-
Notifications
You must be signed in to change notification settings - Fork 28
Description
(dcramer/erikrose - first, thanks for taking an interest in chardet - good to see someone is rescuing this useful package from oblivion).
Just noticed a serious logic bug in latin1prober. At line 133, you'll see:
confidence = (self._mFreqCounter[3] / total) - (self._mFreqCounter[1] * 20.0 / total)
The problem with this is that self._mFreqCounter[3] and total are both integers, so this first term is always 0 any time self._mFreqCounter[3] != total, meaning that confidence is 0 for all cases where self._mFreqCounter[3] != total. In other words, even one "unlikely" character transition in a document of any length will produce a confidence of 0. This is certainly not the behavior of the original Mozilla code, which does this all in floating point.

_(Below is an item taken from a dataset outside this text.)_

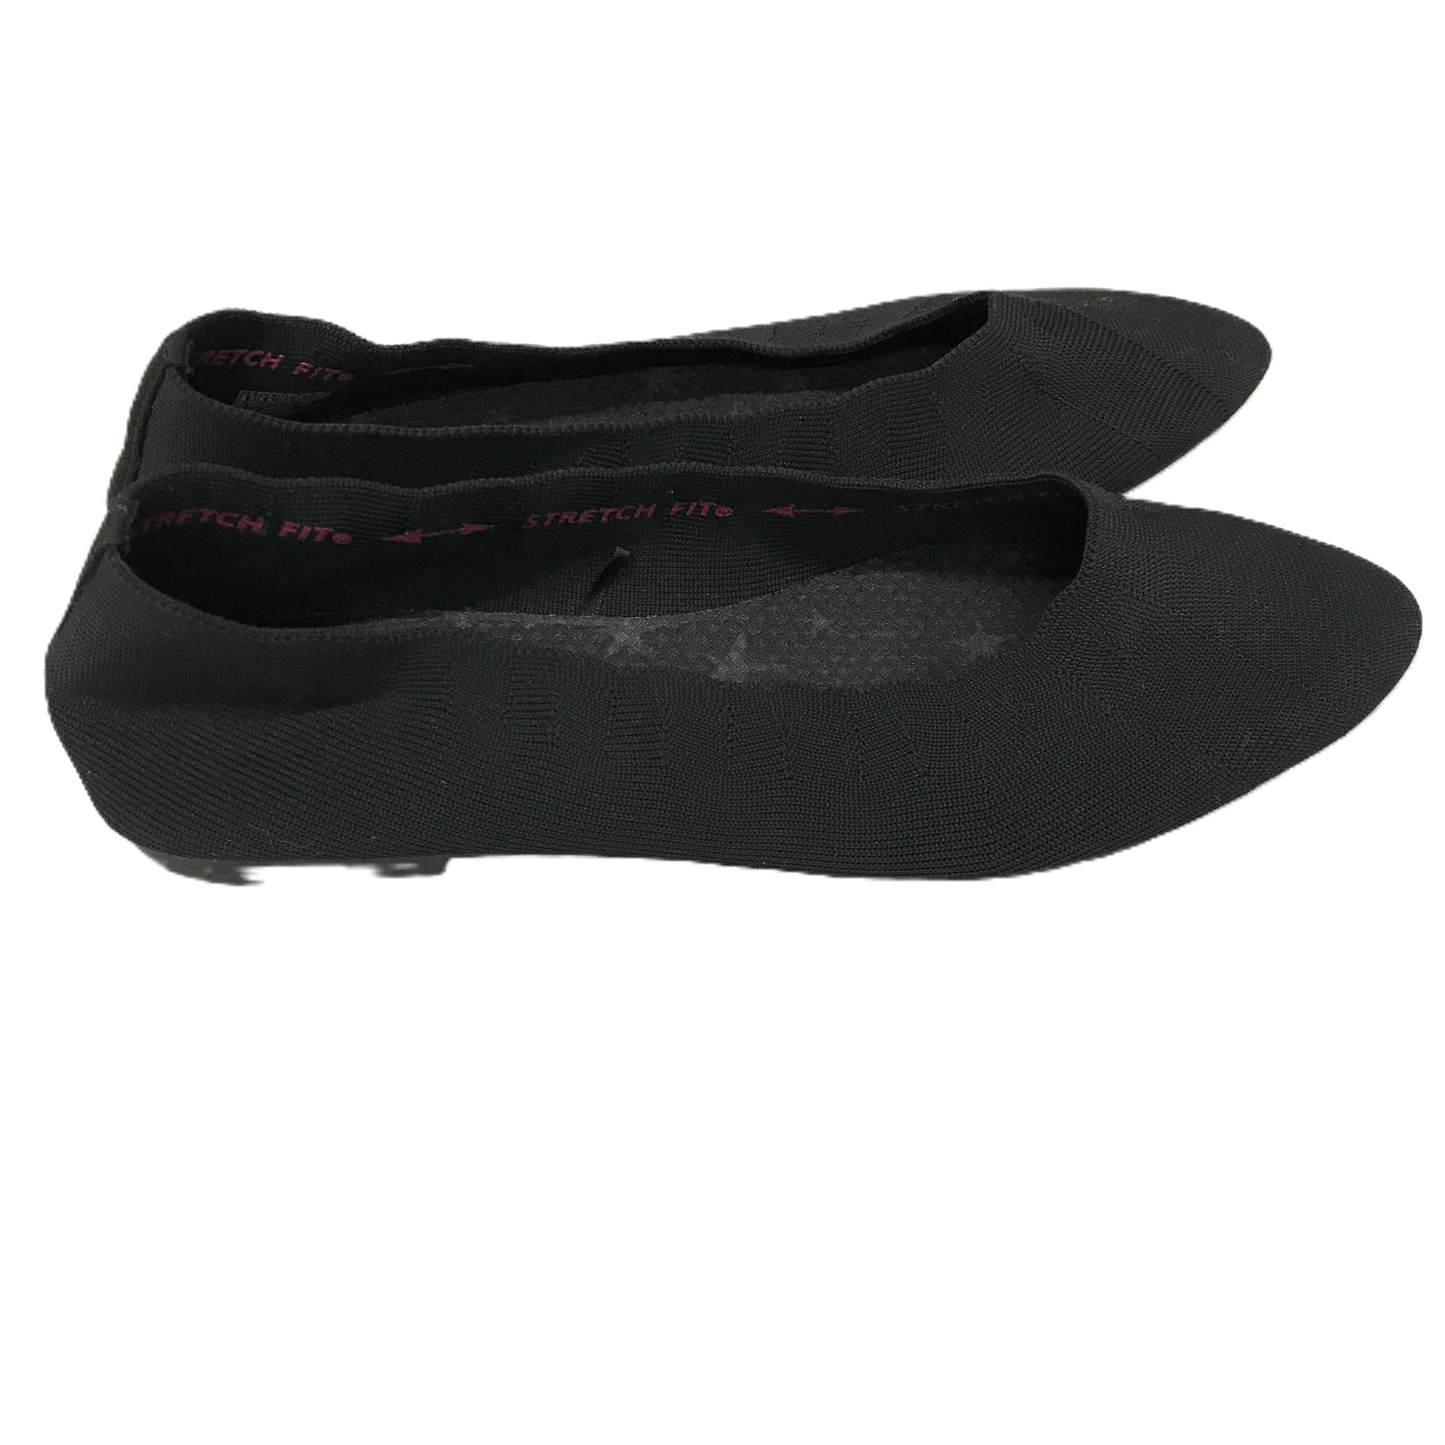 Black Shoes Flats By Skechers, Size: 8.5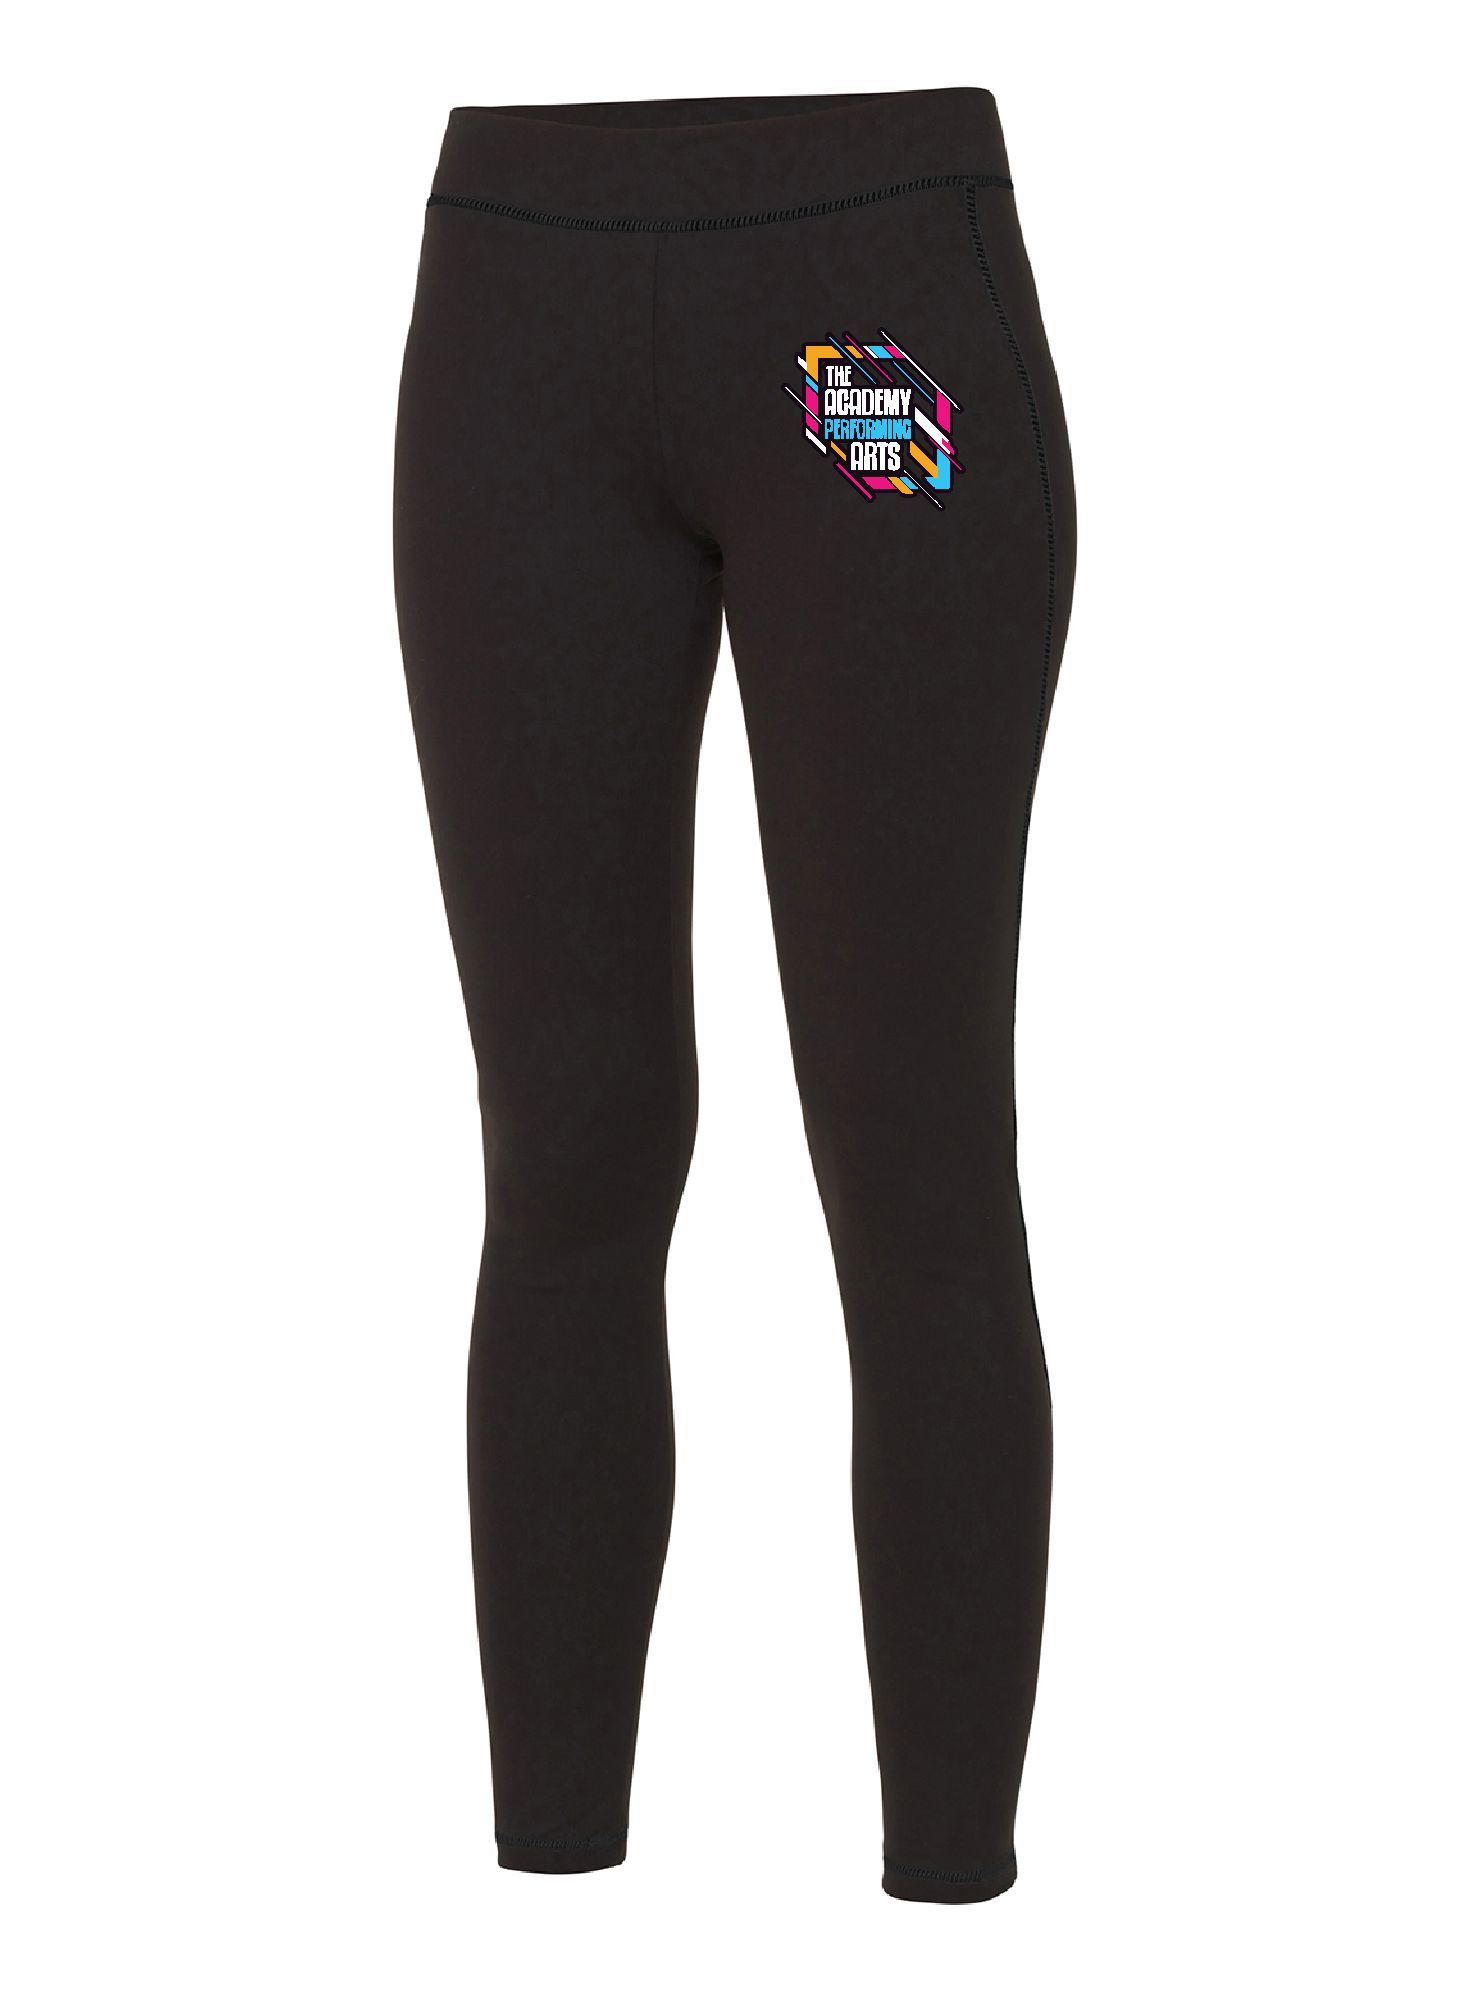 The Academy – Leggings (Adults)

An example document which shows this problem can be found at: http://www.lvo.com/GASTRONOMIE/VINS/VITI/VITI1F.HTML
A simple fix would be to change this line of code to:
confidence = (self._mFreqCounter[3] - self._mFreqCounter[1] * 20.0) / total
which obviates the multiple divisions as well.
As an aside, the "0.5" confidence multiplier (a few lines later in the code) is a wild guess (as the original authors note, this is sort of a hacky Latin-1 detector anyway). I've had better experience with 0.8 (for example, the document given in this report is incorrectly detected as 'iso-8859-2,' which wreaks havoc on the accents, until about 0.8), though your mileage may vary.